In this paper, we propose a new model with an attribute attention mechanism for remote sensing image captioning. In this field, compared with the attention mechanism used in Lu et al. [21
], the proposed model can: (1) focus on the whole image information while paying attention to the relationship between the input images and the word that the decoder generates, (2) weight the relative strength of the attention paid onto different attributes, and (3) use features that correspond to the detected visual attributes rather than the pre-trained features at a particular spatial location [21
]. Using an encoder-decoder framework, our model is shown in Figure 1
. First, the input remote sensing image is mapped onto the feature maps using CNN. Then, the feature maps are passed to the fully connected layer of CNN, and we take the output of the last fully connected layer (or softmax layer) as attributes. By introducing the attributes, the attention mechanism perceives the whole image while knowing the correspondence between regions and words. Due to the existence of the attention mechanism, at each moment, different intermediate vectors can be generated. Finally, the intermediate vectors and the embedded texts are input into the long short-term memory network (LSTM) for training. We chose LSTM rather than the standard recurrent neural network (RNN) as the decoder because it is a four-layer network with a special way to interact in the repetitive module of LSTM which uses a very simple structure e.g., a tanh layer in the standard RNN. Furthermore, the gate structure is applied to LSTM to discard and store the information and determine the state of the cell. In [15, 21], the reported experiments also showed that an LSTM performs better than a standard RNN.
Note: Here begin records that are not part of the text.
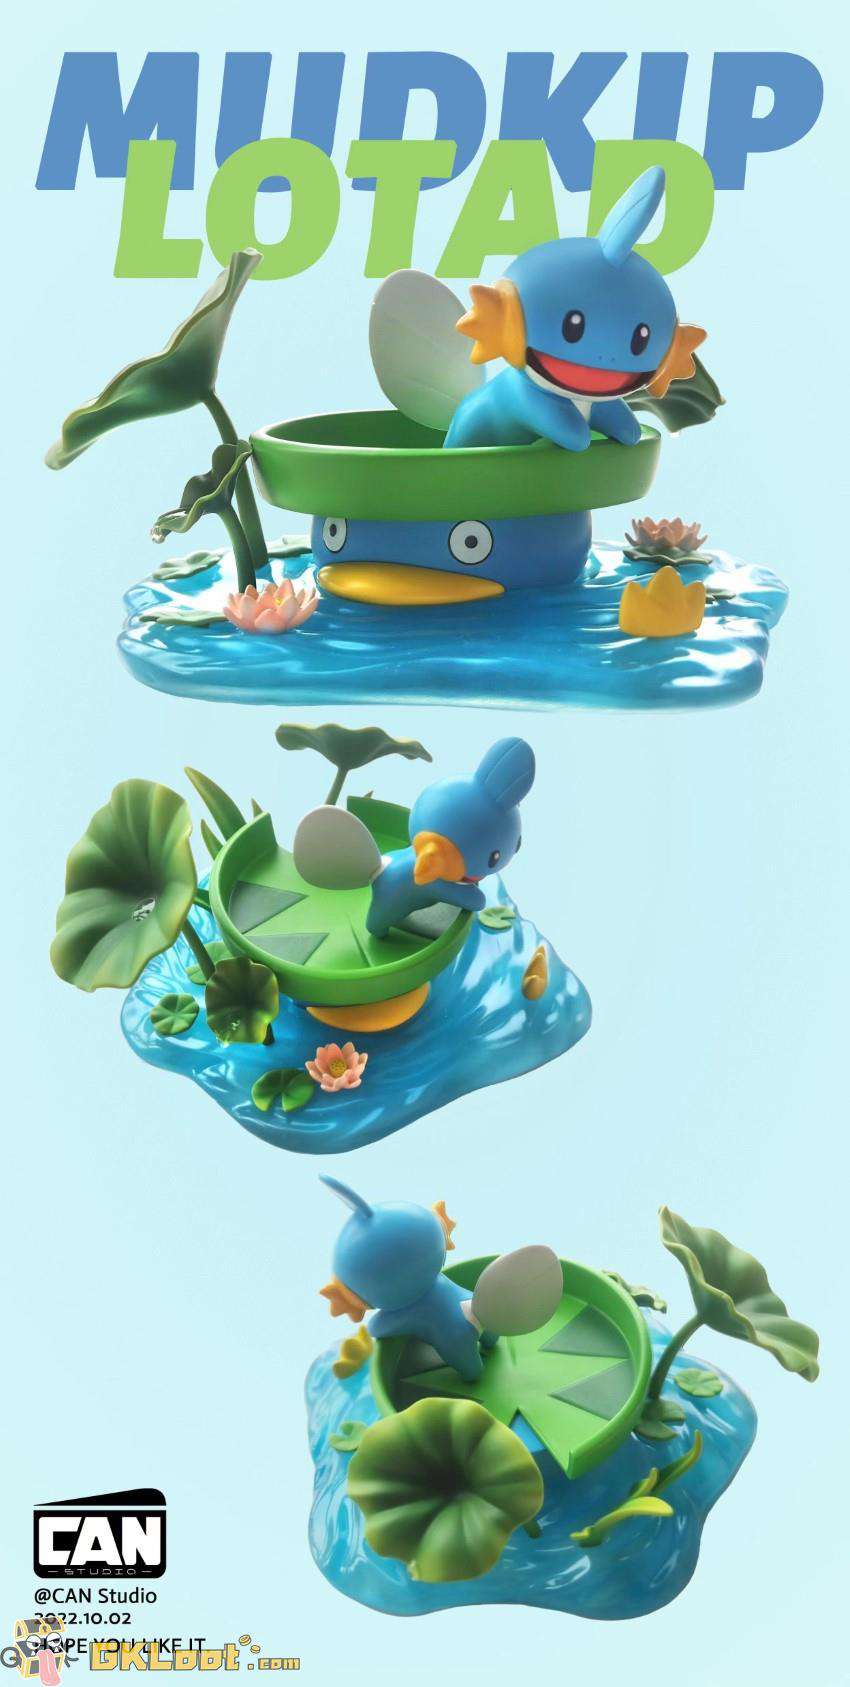 [Out of stock] Can Studio Pokémon Mudkip & Lotad Statue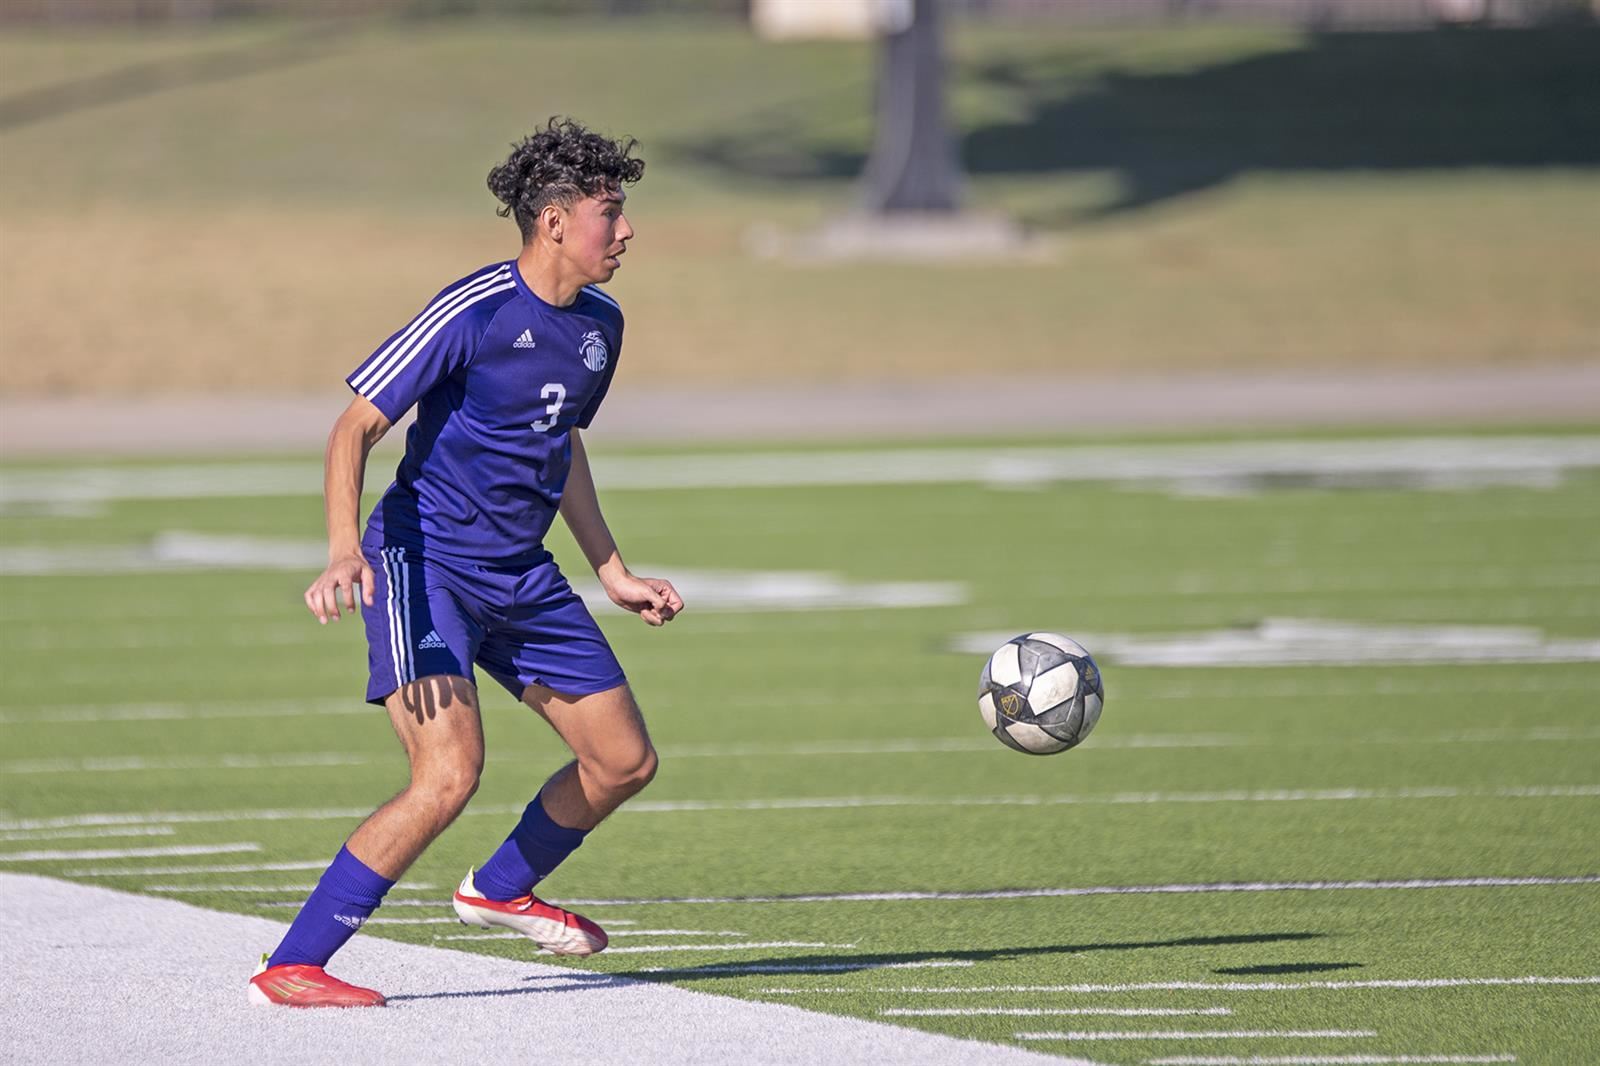 Jersey Village High School senior Jose Bejarano was voted District 17-6A’s Defensive Most Valuable Player.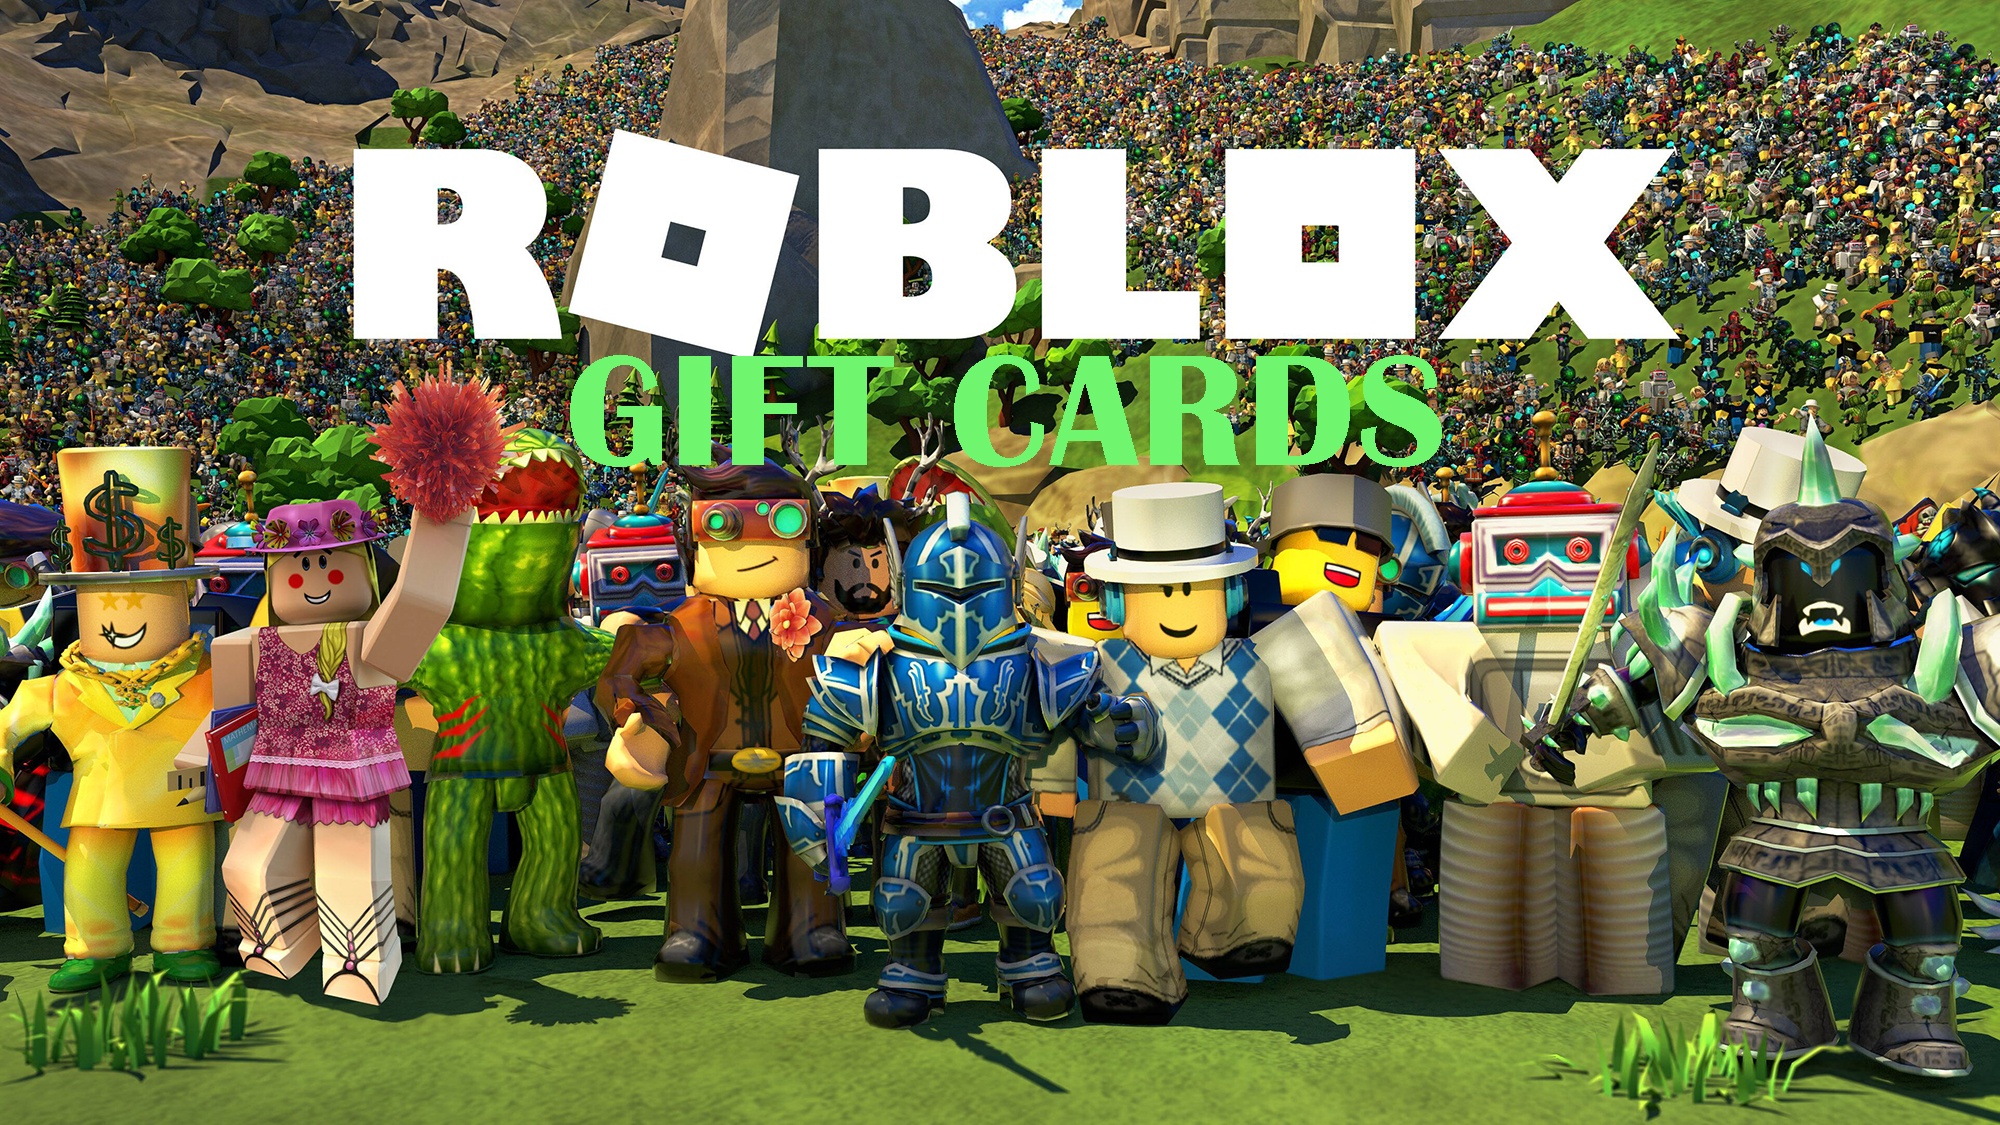 How To Get Free Roblox Gift Card Codes Unused No Survey Super Easy - robux gifts cards

This paper presented a novel framework for description generation of remote sensing images based on the attribute attention model. We use a CNN to produce image features, which are the feature maps of the last convolution layer region proposals for the input remote sensing image. In the encoder-decoder framework with the attention mechanism, the attention mechanism is able to influence the intermediate vector by assigning different weights to different areas of the image, which compensates the deficiency of the original attention mechanism in complex remote sensing images. To apply the high-level features of remote sensing images, we use suitable attributes to embed the global information so that it can affect the parameter of the attention mechanism, focusing on more objects and scenes. We feed the intermediate vector into the decoder and adopt the LSTM to generate the description of the given remote sensing image. We observed that better results can be achieved if the attribute size is appropriate.
From the observation of the experiments, our model can reach high scores on the different assessment criteria, and obtained satisfactory results when the remote sensing image is less complicated. In the future, we will focus on understanding semantics information, and use this to better train our models.